> [What the exercise asks] Give an unaltered copy of the listing below, minus its pictures.

> [Information supplied]
§ §

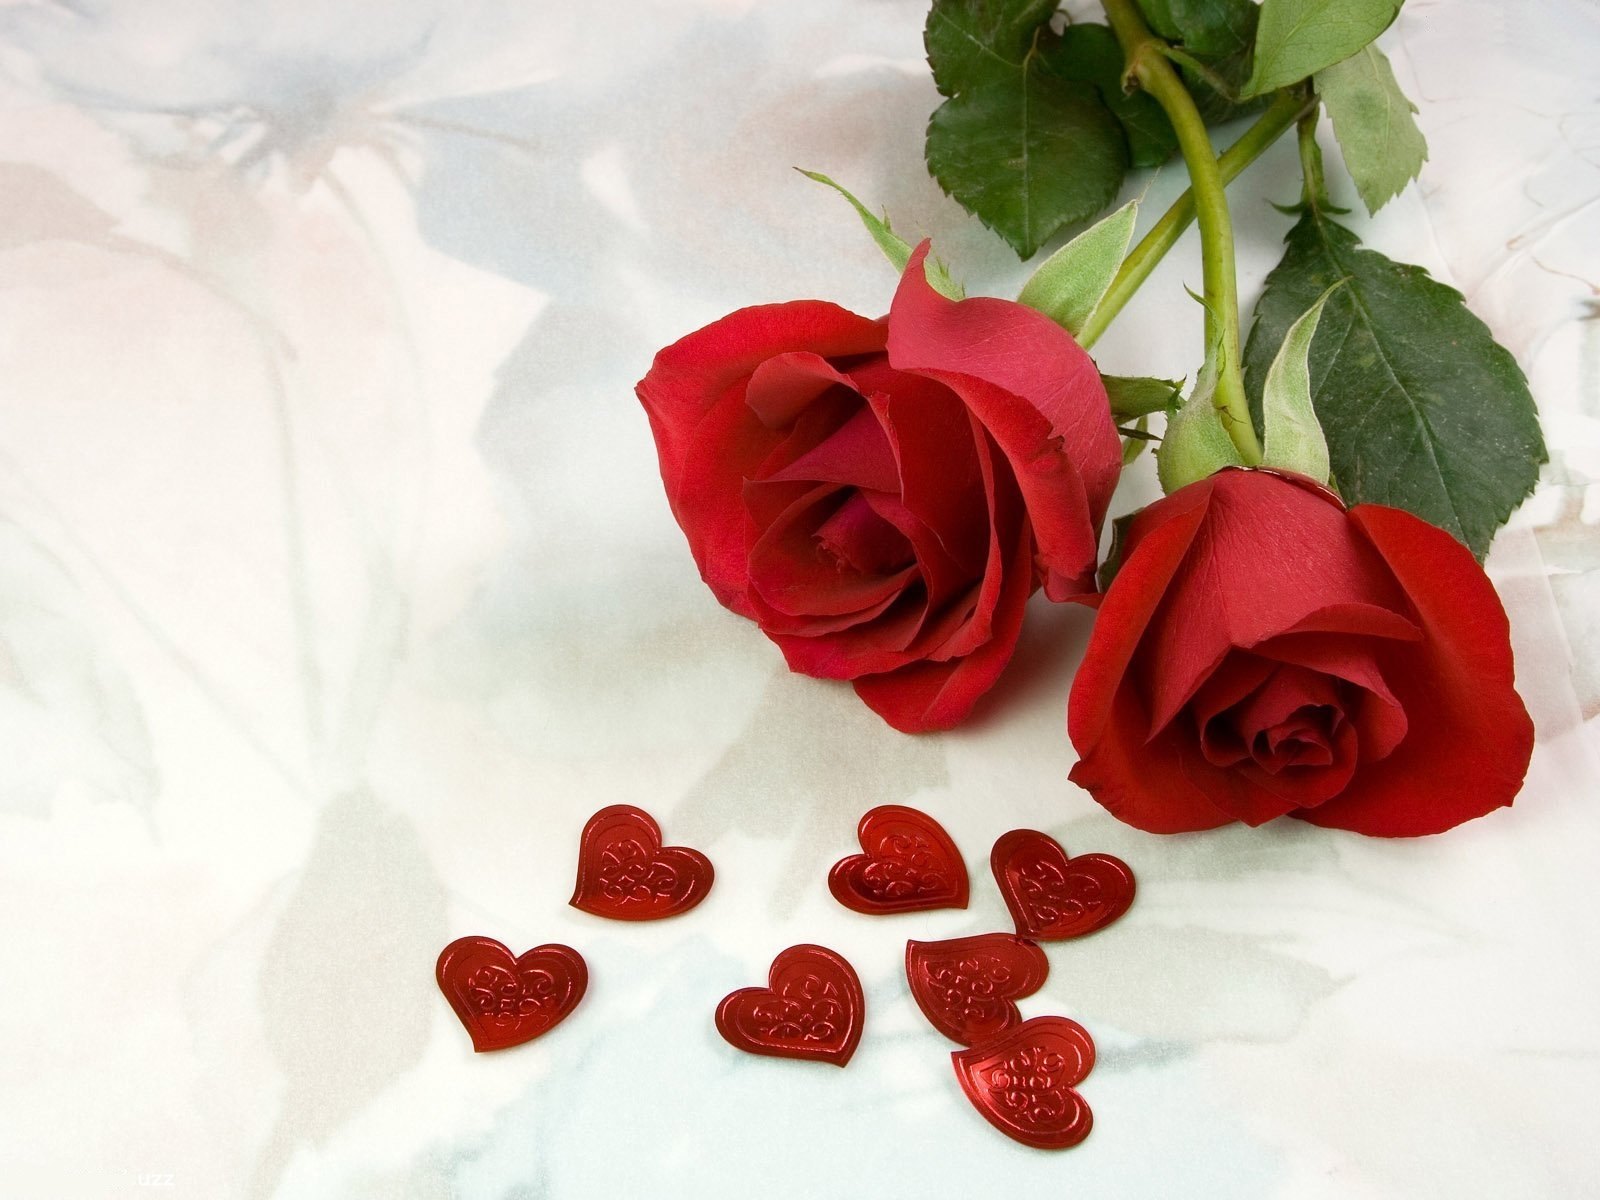 As 10 Melhores Fotos de Rosas Vermelhas do Flickr | Flores - Cultura Mix
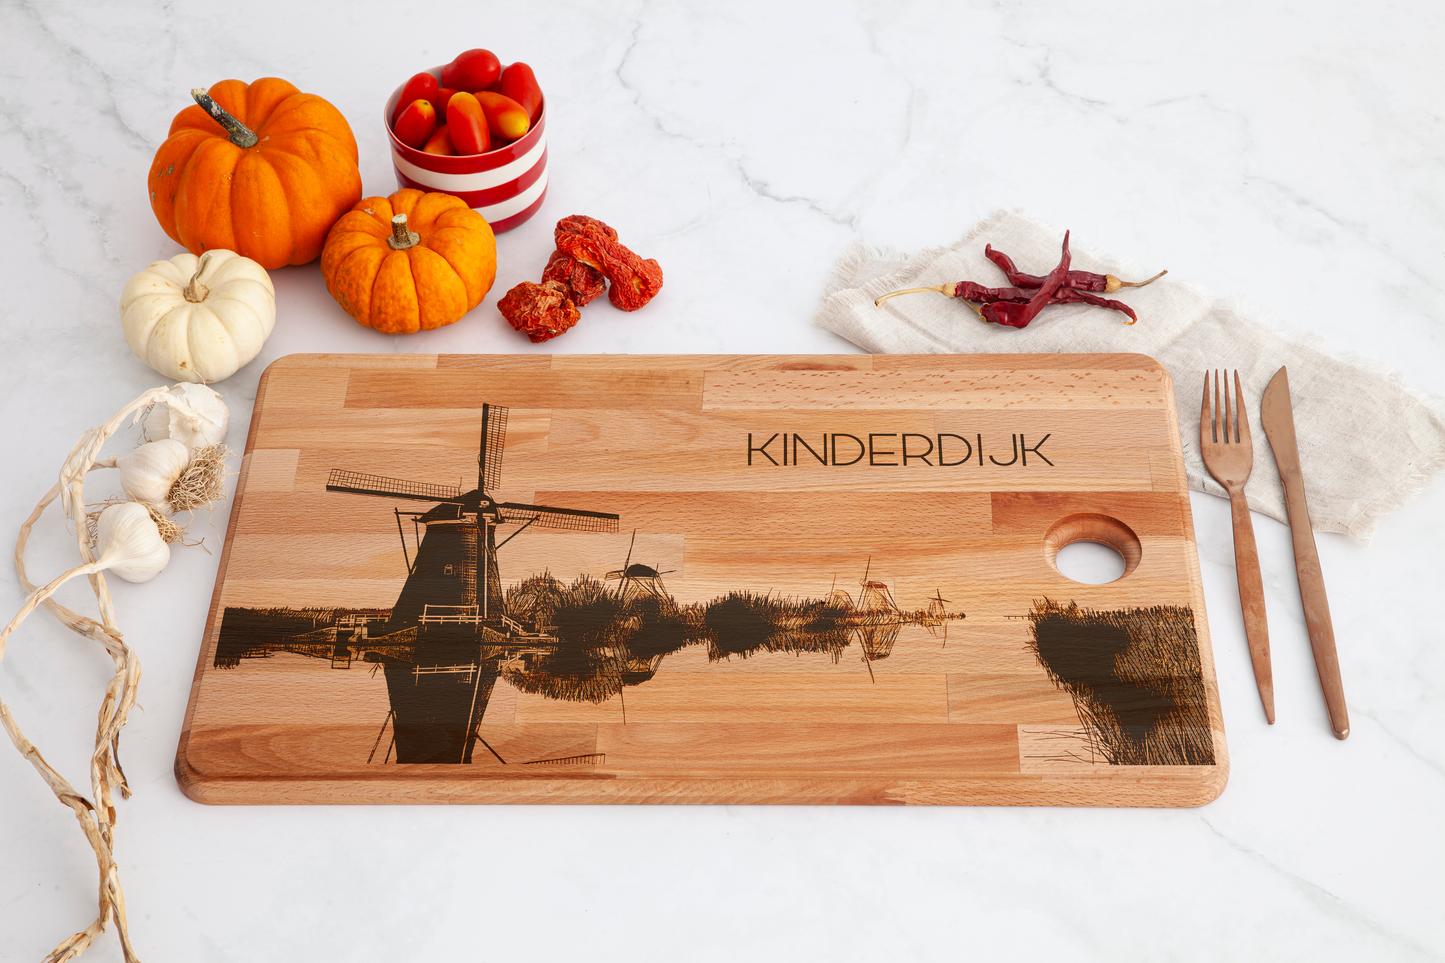 Rotterdam, Kinderdijk, cutting board, with knife
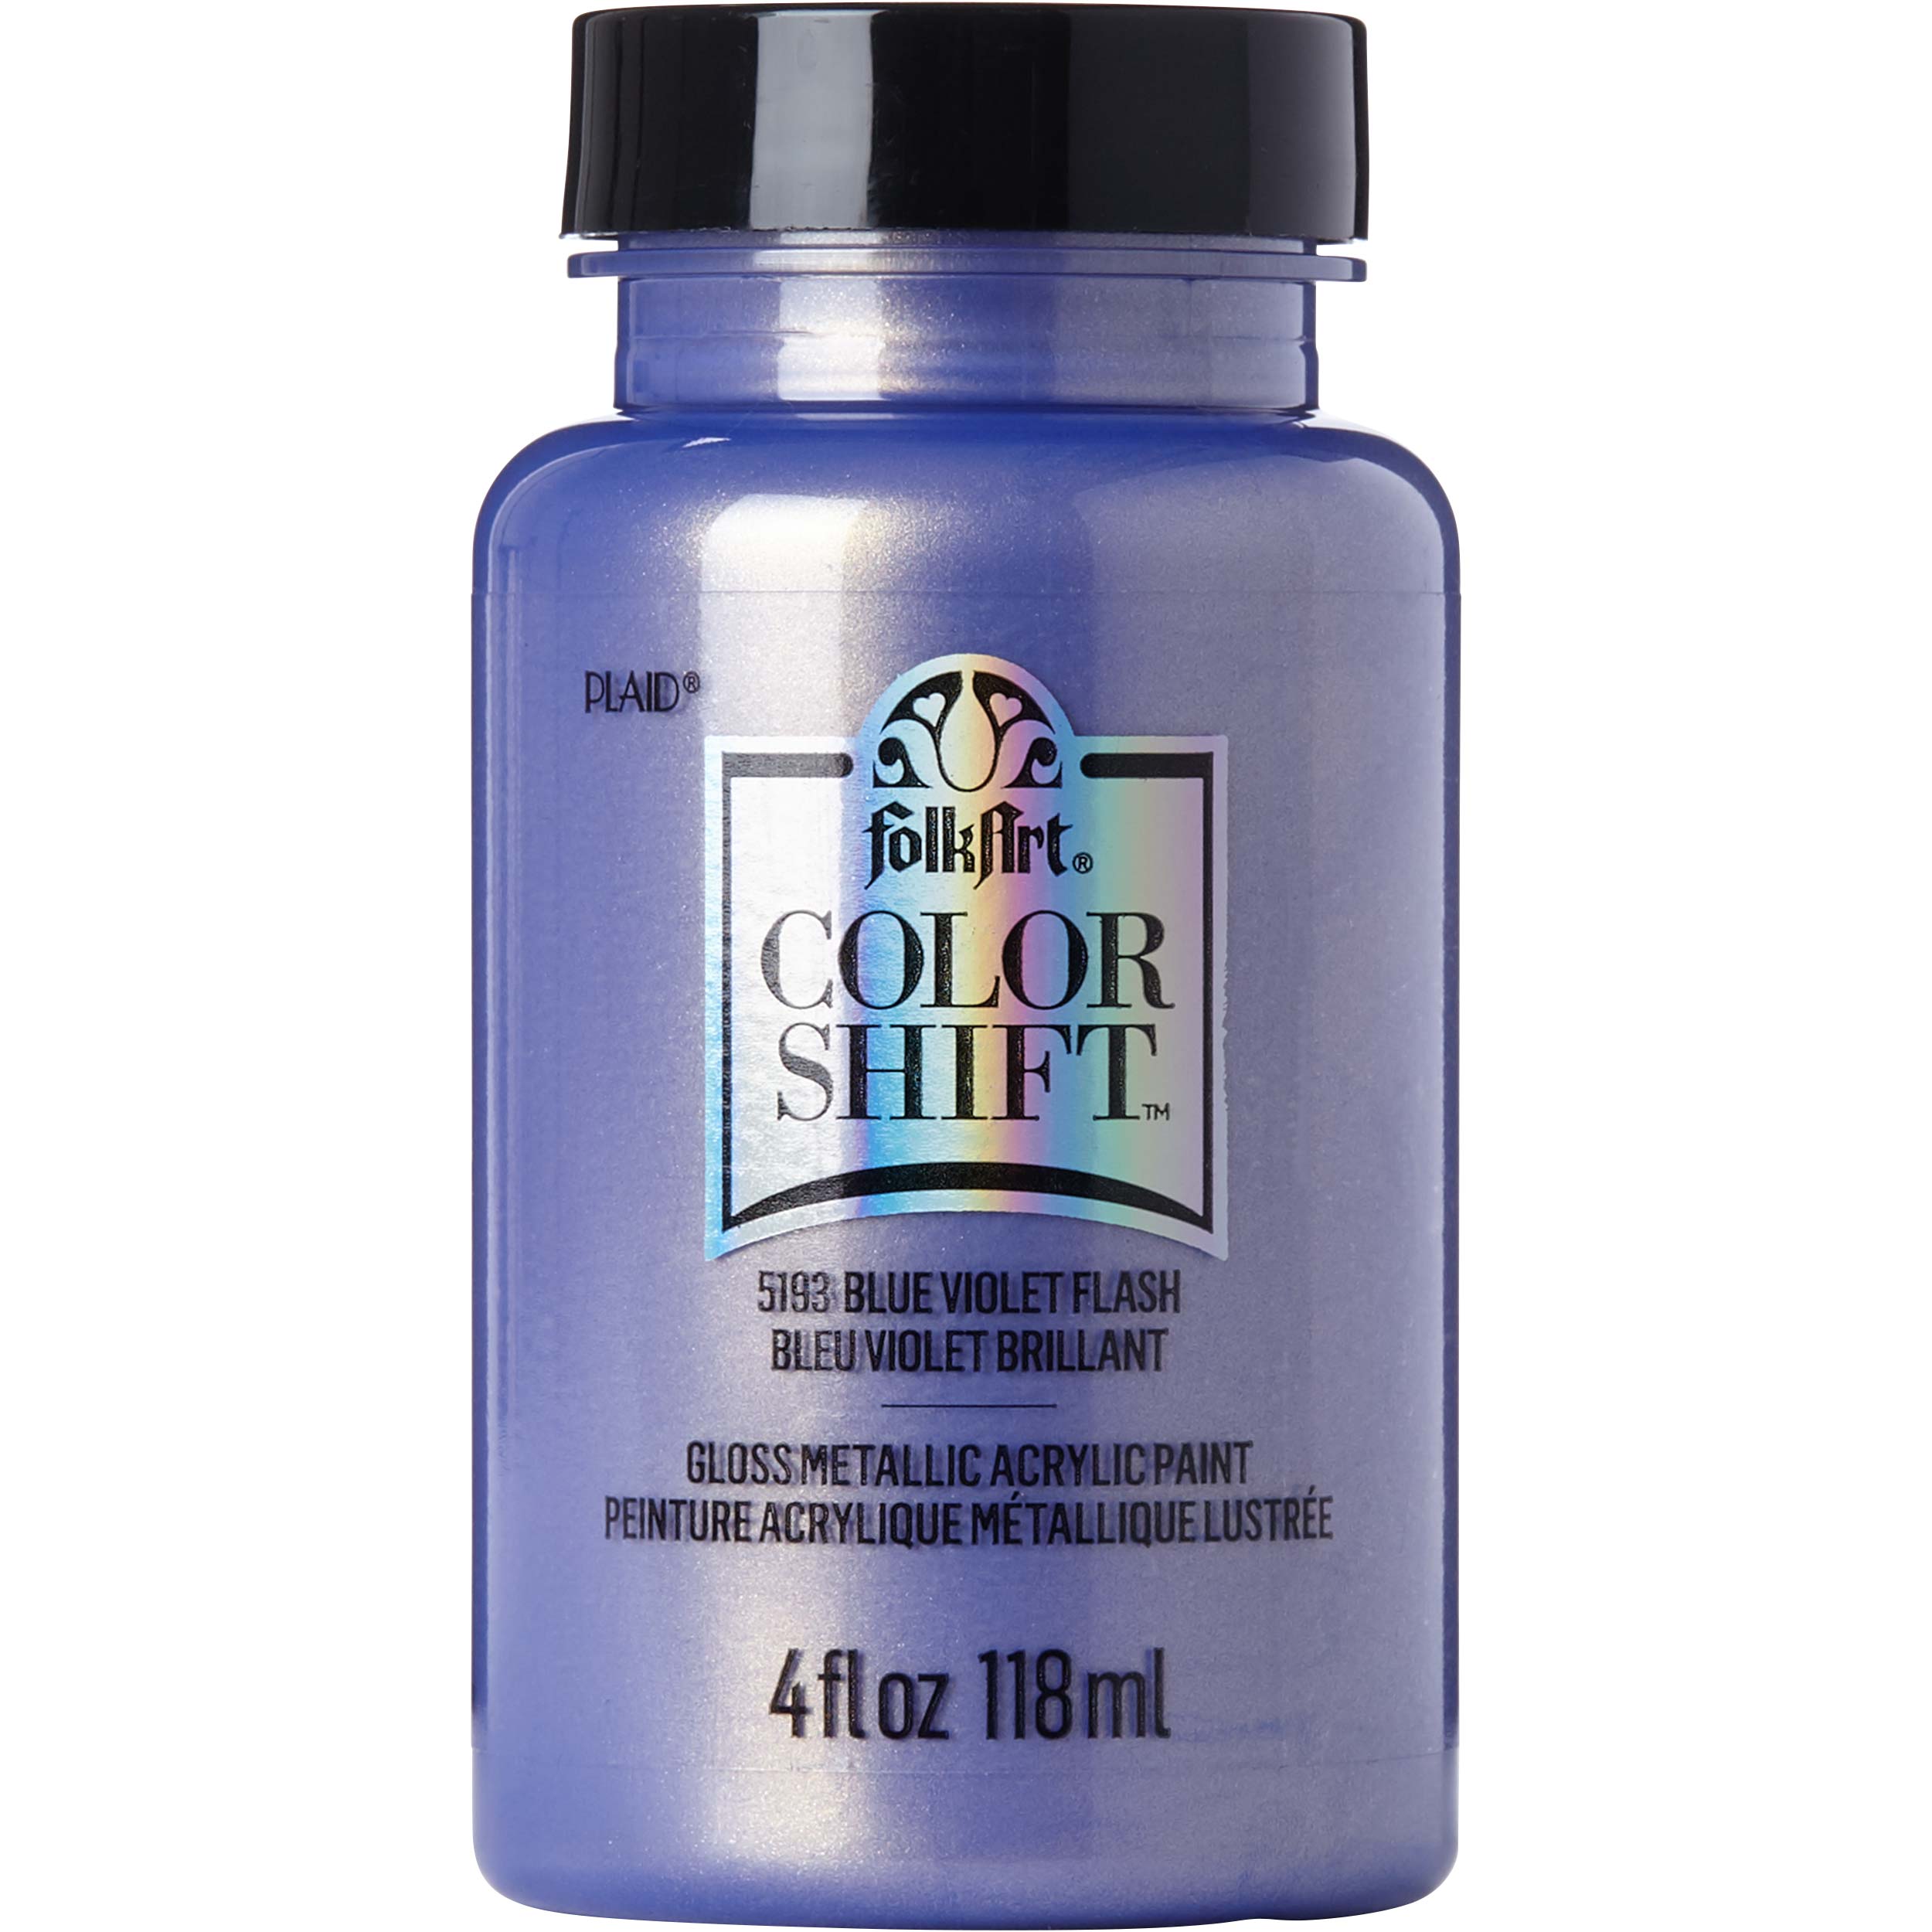 FolkArt ® Color Shift™ Acrylic Paint - Blue Violet Flash, 4 oz. - 5193

§ §

> [Answer box]
 As 10 Melhores Fotos de Rosas Vermelhas do Flickr | Flores - Cultura Mix
 Rotterdam, Kinderdijk, cutting board, with knife
 FolkArt ® Color Shift™ Acrylic Paint - Blue Violet Flash, 4 oz. - 5193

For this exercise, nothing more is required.